Formation of the near-face stress field under the influence of natural and technological factors

The mine face is a high-risk zone, where a loss of stability, an occurrence of dynamic and gas-dynamic processes, and an increase in the content of harmful gases are possible. All these negative consequences to certain extent depend on the near-face stress field. This article presents the results of numerical study of the peculiarities of its time-dependent formation in rocks with different properties, when using such means of reducing the outburst hazard as water injection and unloading cavities. It is shown that with the course of time in the rocks around the mine working, the area of increased difference of the stress tensor components spreads, which leads to the formation of cracks of varying degrees of intensity. The maximum component of the stress tensor increases; the abutment pressure zone is formed in the near-face region. The simultaneous increase of vertical stress in the abutment pressure zone and unloading of horizontal stress leads to displacement of the coal seam in the mine working and loss of the mine face stability. If the mine working is driven through hard rocks, Q* parameter values, as well as the maximum vertical stresses in the abutment pressure zone, are significantly increased. The zone of inelastic deformations begins to form with a long delay and has noticeably smaller dimensions.

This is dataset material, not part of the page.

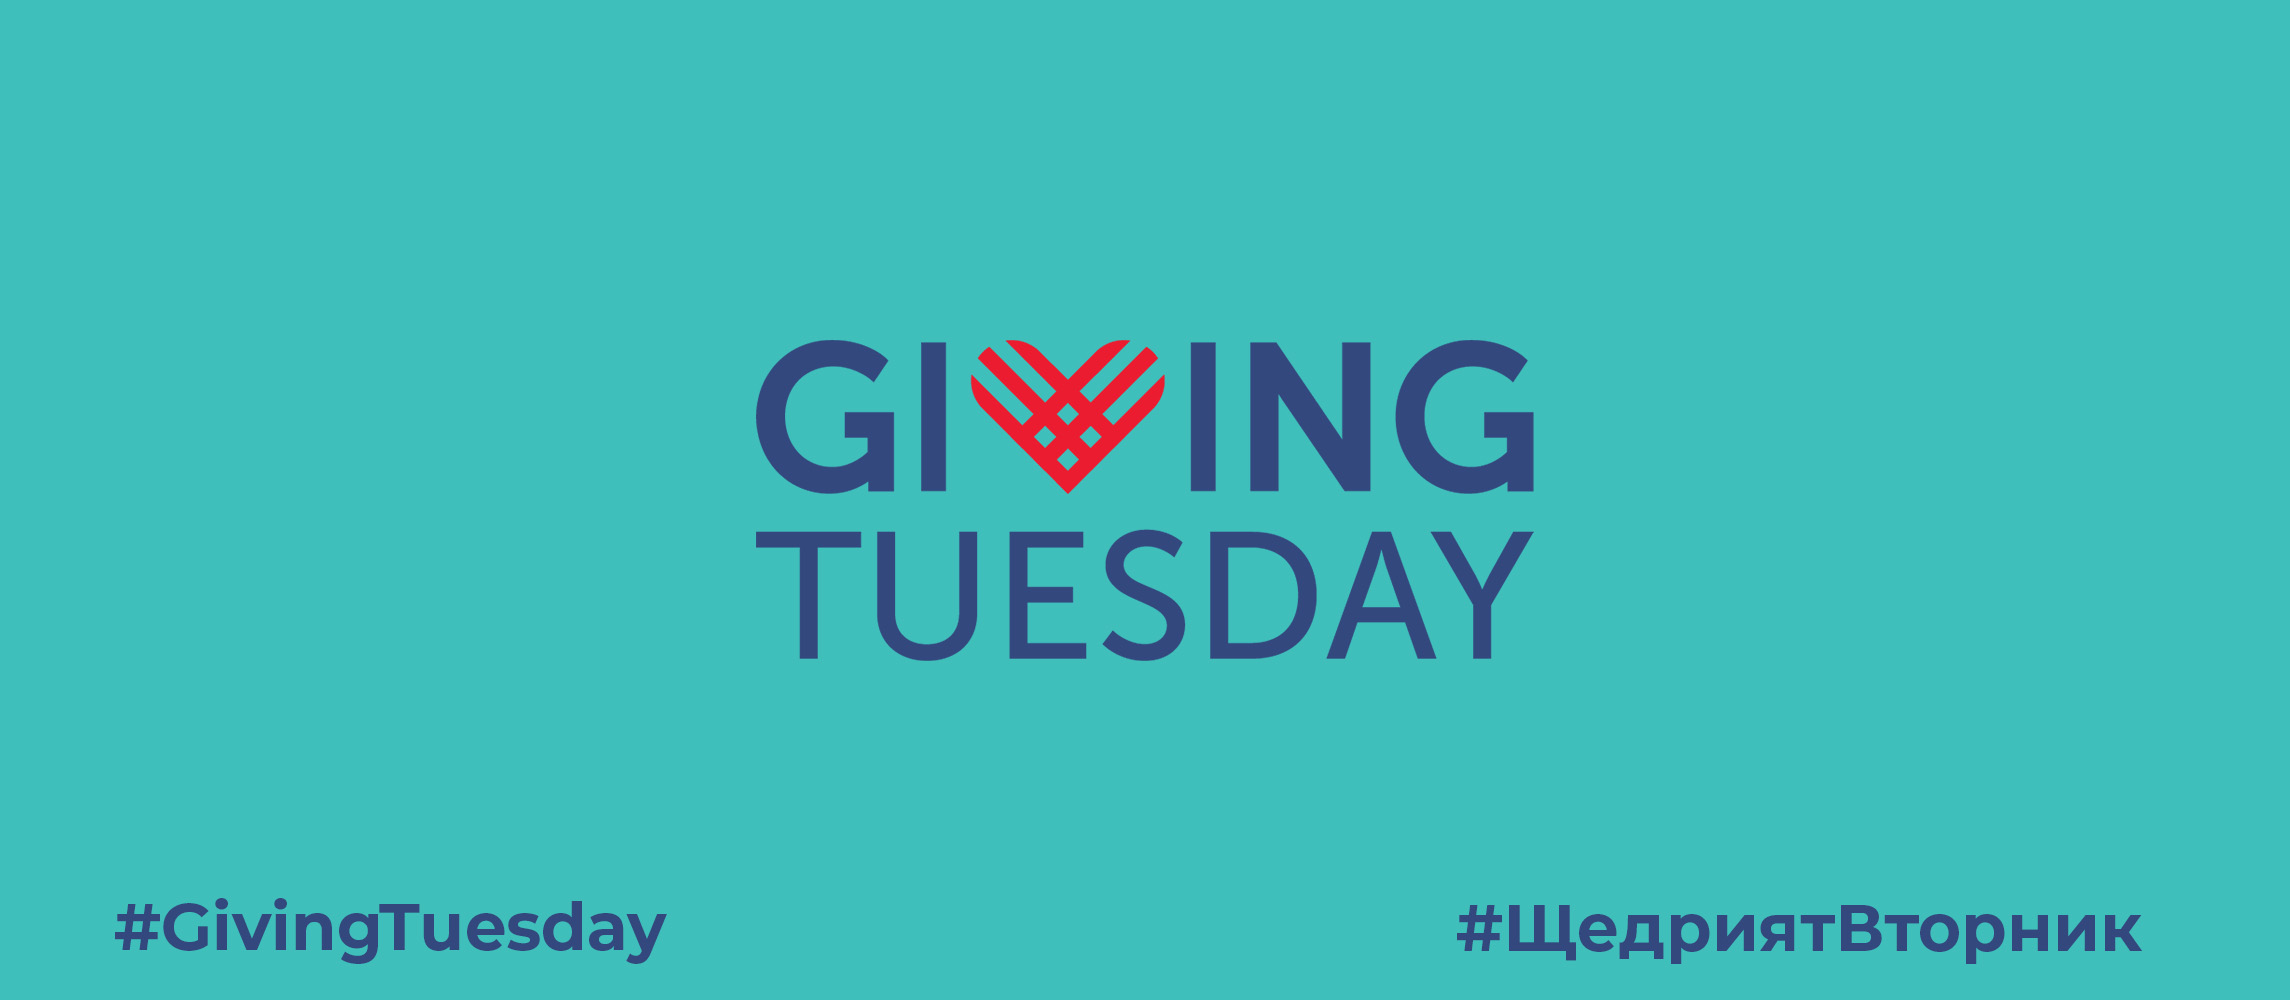 GivingTuesday and CasinoWow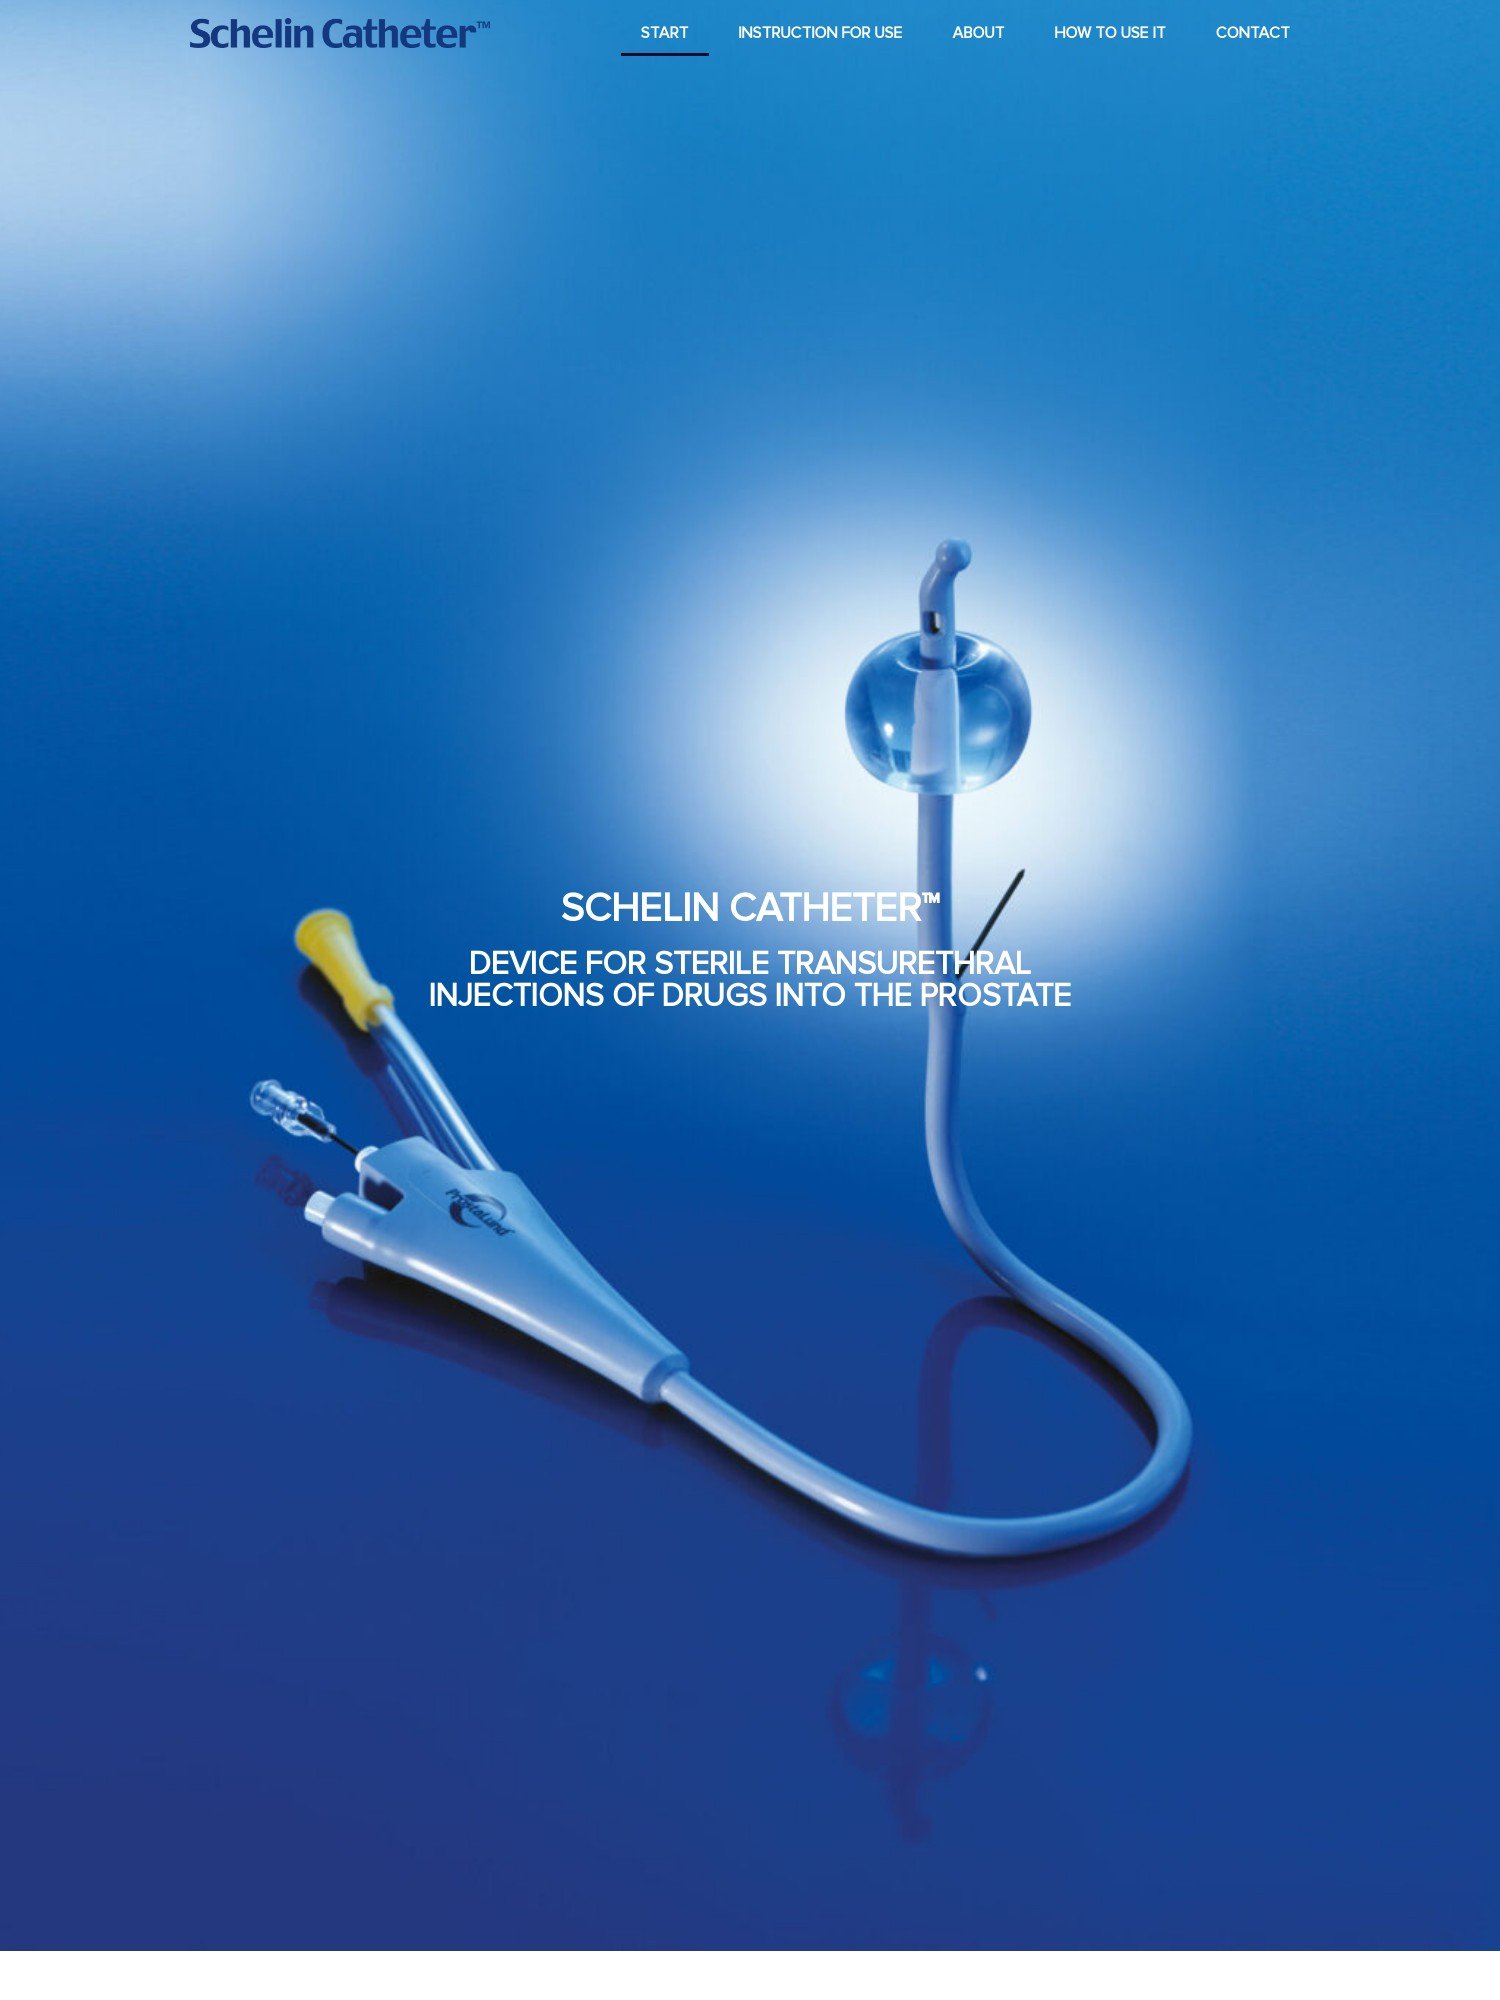 SCHELIN CATHETER™ – DEVICE FOR STERILE TRANSURETHRAL INJECTIONS OF DRUGS INTO THE PROSTATE

Hard rocks can withstand greater difference of the stress tensor components and greater vertical loads without breaking. Coal moistening leads to a significant decrease in the difference of the stress tensor components in the near-face zone of the coal seam. Values of Q* parameter in moistened coal in the three-meter near-face zone is 1.5–5 times lower than in the coal seam with a natural moisture content. The growth of the abutment pressure zone in moistened coal slows down; the zone of inelastic deformations becomes somewhat larger. The near-face stresses in the mine working with the unloading cavity is radically different from the previous cases. The peak values of Q* parameter and maximum stress are moved to the depth of unloading cavity. At the same time, both the difference of the stress tensor components and the maximum stress remain at a low level, which corresponds to moistened coal and in a long time interval ensures deformation of the near-face zone in the elastic mode. Unloading of this zone from rock pressure occurs in two directions: in the direction of the mine face and in the direction of the unloading cavity.